Мария резко встала, накинула
Куда девался спрятанный Марией, да так и не выложенный на стол шашлык и почему между завтраком и ужином не было даже намёка, хотя бы ради приличия, на обед, Сухоруковы не узнали ни сегодня, ни в дальнейшем, а спрашивать о таких вещах было бы ниже их достоинства. Ведь сибиряки – народ гордый, хотя и доверчивый зачастую до наивности.
Глава 3. БАРБОС И ДЕРЕВО
(любви все существа покорны)
В ближайший понедельник Илюха с Колюхой, встав пораньше, умытые, причёсанные, наглаженные и начищенные пошли в школу. Учиться им предстояло в разных, параллельных классах, «а» и «б», так как уже заканчивалась первая четверть и все классы были давно укомплектованы – по два свободных места не нашлось ни в одном. Так жизнь впервые, пусть пока не очень жестоко, но разъединила братьев-близнецов.

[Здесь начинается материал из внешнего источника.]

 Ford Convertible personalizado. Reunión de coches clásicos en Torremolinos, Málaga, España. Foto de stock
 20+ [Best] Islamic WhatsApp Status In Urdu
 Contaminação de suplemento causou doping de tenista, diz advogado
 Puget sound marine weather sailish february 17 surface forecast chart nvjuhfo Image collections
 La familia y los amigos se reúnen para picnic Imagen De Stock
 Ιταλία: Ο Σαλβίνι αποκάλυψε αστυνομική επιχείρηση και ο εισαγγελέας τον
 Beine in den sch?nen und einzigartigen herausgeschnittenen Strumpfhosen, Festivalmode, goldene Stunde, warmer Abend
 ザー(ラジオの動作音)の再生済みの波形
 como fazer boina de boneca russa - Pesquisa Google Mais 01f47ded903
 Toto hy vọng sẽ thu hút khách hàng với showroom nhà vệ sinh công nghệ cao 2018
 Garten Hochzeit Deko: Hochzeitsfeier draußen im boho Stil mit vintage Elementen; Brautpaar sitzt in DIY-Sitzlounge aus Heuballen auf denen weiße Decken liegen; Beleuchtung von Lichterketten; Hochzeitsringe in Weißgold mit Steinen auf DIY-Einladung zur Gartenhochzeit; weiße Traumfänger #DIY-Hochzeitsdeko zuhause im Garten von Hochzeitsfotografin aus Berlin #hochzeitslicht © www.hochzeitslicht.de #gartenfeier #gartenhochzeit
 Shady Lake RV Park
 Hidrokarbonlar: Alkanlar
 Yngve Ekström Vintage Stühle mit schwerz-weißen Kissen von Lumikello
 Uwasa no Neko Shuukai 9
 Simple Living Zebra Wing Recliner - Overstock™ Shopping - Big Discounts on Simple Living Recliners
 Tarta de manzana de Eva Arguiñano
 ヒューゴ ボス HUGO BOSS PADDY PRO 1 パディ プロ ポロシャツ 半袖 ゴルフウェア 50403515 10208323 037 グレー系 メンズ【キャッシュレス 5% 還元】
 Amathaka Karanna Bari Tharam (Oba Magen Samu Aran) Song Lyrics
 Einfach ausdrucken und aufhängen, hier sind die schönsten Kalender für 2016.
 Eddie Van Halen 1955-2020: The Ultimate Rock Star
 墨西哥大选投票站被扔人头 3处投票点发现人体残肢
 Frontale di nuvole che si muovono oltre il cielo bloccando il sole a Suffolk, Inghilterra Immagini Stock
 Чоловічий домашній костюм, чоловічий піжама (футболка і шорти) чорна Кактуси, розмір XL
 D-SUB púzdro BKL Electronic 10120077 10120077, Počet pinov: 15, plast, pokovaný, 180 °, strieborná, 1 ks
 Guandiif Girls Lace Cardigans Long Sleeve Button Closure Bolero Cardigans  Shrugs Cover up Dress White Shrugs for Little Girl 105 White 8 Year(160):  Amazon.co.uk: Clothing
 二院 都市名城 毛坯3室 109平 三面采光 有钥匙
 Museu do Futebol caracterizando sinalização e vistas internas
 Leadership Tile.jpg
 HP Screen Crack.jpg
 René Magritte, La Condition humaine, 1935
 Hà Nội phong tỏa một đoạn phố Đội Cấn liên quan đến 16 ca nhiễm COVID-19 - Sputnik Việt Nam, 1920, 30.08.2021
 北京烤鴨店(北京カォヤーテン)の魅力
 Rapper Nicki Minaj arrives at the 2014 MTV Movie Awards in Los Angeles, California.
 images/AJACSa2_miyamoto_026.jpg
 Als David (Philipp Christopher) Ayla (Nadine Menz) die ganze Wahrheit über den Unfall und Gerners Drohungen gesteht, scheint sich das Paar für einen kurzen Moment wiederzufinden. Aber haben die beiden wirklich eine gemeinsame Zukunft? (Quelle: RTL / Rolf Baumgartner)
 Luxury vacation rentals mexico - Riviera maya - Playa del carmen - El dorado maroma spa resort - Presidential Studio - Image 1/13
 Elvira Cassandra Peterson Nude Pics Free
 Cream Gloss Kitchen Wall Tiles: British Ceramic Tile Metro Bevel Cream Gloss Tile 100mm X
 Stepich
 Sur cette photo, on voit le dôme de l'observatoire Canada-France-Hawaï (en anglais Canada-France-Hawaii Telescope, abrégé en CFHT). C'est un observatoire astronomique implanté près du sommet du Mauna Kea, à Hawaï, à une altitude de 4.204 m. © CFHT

Всё здесь было не так, как в их родной Сибири. Многонациональная детвора, представленная, помимо привычных русских и отчасти китайцев и немцев не только узбеками, казахами, татарами, украинцами, но и ещё более экзотичными для северян Илюхи с Колюхой греками, корейцами и даже иранцами, была криклива и темпераментна, на переменах шумно играла во множество незнакомых Сухоруковым игр, нередко очень даже азартных. А когда наступала большая перемена, все неудержимым потоком устремлялись в школьный буфет, где за пятак можно было купить пирожок с повидлом или картошкой, либо за восемь копеек коржик, а за три – стакан сладкого чаю. Добротно одетые школьники побогаче покупали лимонад, кефир и шоколадные конфеты. Илюха же с Колюхой довольствовались принесёнными из дому простенькими бутербродами, которые стесняясь съедали всухомятку не выходя из класса. Иногда, правда, когда отец исхитрялся утром украдкой сунуть им в руки немного мелочи, ходили и в буфет вместе со всей школьной толпой. Но первое время безрезультатно: слишком уж было непривычно и казалось несолидным для медлительных и рассудительных северян пробиваться, толкаясь локтями и коленями, через голосящую и бурлящую «кучу малу» к буфетной стойке с разложенной на ней, пусть и вкусной, едой. Цель представлялась им не стоящей тех средств, которыми достигалась. Однако, голод – не тётка, и через самое короткое время братья уже не выглядели белыми воронами среди сверстников.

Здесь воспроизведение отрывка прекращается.